> _WHAT IS REQUIRED_:
Please copy exactly the lines that begin with the one containing "Balduffs Carpet Cleaning" and end with the last line of the entries.

Recorded data

........

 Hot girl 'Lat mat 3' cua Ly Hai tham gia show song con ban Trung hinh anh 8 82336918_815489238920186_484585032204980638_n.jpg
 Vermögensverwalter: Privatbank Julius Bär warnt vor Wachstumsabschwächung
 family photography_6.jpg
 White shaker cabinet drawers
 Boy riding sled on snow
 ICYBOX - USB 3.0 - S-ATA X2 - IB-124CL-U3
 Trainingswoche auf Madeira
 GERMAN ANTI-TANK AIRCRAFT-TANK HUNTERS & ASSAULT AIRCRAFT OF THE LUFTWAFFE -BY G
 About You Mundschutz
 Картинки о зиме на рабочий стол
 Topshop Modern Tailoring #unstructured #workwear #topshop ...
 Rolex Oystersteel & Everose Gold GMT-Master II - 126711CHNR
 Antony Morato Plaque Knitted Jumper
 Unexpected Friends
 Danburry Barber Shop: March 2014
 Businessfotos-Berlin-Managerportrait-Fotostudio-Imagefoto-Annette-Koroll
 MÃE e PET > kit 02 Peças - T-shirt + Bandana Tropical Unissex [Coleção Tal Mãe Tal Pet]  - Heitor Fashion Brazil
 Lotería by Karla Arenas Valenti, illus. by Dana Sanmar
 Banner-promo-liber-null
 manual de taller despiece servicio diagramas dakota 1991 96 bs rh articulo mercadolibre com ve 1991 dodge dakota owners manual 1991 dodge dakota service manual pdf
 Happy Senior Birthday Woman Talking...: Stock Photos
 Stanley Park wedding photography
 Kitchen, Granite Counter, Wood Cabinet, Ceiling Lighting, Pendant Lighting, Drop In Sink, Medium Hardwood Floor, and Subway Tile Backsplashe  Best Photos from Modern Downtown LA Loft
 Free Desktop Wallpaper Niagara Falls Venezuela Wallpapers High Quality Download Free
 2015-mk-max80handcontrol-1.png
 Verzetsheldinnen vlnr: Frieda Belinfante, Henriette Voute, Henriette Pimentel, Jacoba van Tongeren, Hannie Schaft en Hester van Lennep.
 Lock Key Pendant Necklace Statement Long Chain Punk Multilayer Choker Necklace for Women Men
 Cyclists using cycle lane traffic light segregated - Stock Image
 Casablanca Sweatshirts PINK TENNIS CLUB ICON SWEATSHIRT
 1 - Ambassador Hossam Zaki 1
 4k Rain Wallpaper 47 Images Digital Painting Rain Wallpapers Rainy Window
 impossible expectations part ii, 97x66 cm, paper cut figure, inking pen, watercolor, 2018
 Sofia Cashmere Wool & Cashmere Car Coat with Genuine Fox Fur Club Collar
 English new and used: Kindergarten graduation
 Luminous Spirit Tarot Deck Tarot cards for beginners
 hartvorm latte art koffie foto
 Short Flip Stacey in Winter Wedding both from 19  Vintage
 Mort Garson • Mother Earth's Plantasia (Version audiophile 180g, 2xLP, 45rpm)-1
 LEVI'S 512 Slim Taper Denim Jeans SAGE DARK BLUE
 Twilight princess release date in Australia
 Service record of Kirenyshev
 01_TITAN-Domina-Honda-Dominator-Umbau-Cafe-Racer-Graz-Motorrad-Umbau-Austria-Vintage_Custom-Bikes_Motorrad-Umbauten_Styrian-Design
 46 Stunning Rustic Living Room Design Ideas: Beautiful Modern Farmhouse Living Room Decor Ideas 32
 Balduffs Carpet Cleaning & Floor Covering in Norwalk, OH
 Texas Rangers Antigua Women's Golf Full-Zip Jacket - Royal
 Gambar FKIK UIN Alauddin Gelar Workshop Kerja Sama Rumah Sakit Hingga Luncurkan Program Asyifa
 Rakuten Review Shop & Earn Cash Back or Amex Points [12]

........

> _EXPECTED OUTPUT_:
 Balduffs Carpet Cleaning & Floor Covering in Norwalk, OH
 Texas Rangers Antigua Women's Golf Full-Zip Jacket - Royal
 Gambar FKIK UIN Alauddin Gelar Workshop Kerja Sama Rumah Sakit Hingga Luncurkan Program Asyifa
 Rakuten Review Shop & Earn Cash Back or Amex Points [12]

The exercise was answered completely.